The balance between the benefits and the risks of contraceptive steroids is generally positive in particular when comparing to the risks of pregnancy and especially in women with risk factors. Since recently the most common estrogen contained in the OCs remained ethinyl-estradiol although the doses used per tablet decreased dramatically in the most recent combinations. In parallel with the change in the progestin content from androgenic to non or anti-androgenic molecules, the estrogen have also been shifted recently to more natural compounds such as estradiol (E2) and estradiol valerate (E2V) with the objective of improving the safety of OCs.

Ethinyl-estradiol (EE) exerts a stronger effect that natural estradiol (E2) on hepatic metabolism including estrogen-dependent markers such as liver proteins. Current combined oral contraceptives (COC) affect a variety of hemostatic variables and estrogen-sensitive liver proteins, and these effects can be modulated by the associated progestin. In contrast, metabolism studies using the same surrogate markers as end-points indicate that the impact of estradiol-based novel COCs is similar or even lower than that of the second-generation COCs combining EE and an androgenic progestin such as Levonorgestrel.

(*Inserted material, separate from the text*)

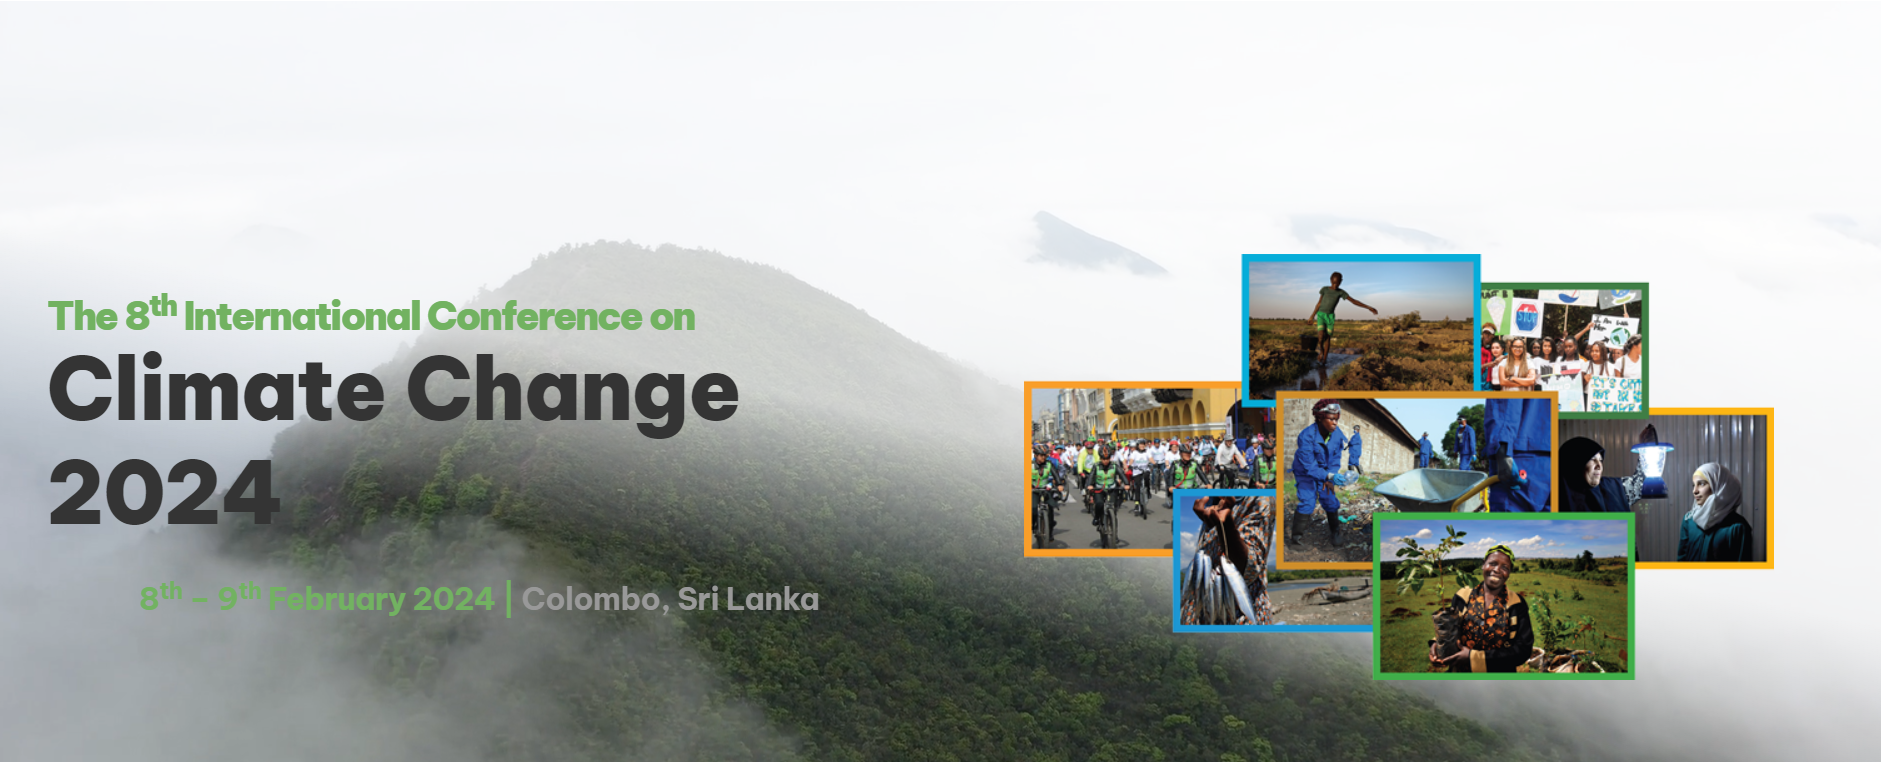 The 8th International Conference on Climate Change 2024

Several new progestins have been designed to minimize side-effects related to androgenic, estrogenic or glucocorticoid receptor interactions. Dienogest (DNG), and drospirenone (DRSP) and the 19-norpregnanes including Nestorone (NES), nomegestrol acetate (NOMAc) and trimegestone (TMG) have been combined with estrogen either EE or E2 or estradiol valerate (E2V).

The lower metabolic impact of novel estradiol-based oral contraceptives may result in an improved safety profile, but large surveillance studies are warranted to confirm this plausible hypothesis. So far, the contraindications and warnings for use of current COCs also apply to the estradiol-based COCs.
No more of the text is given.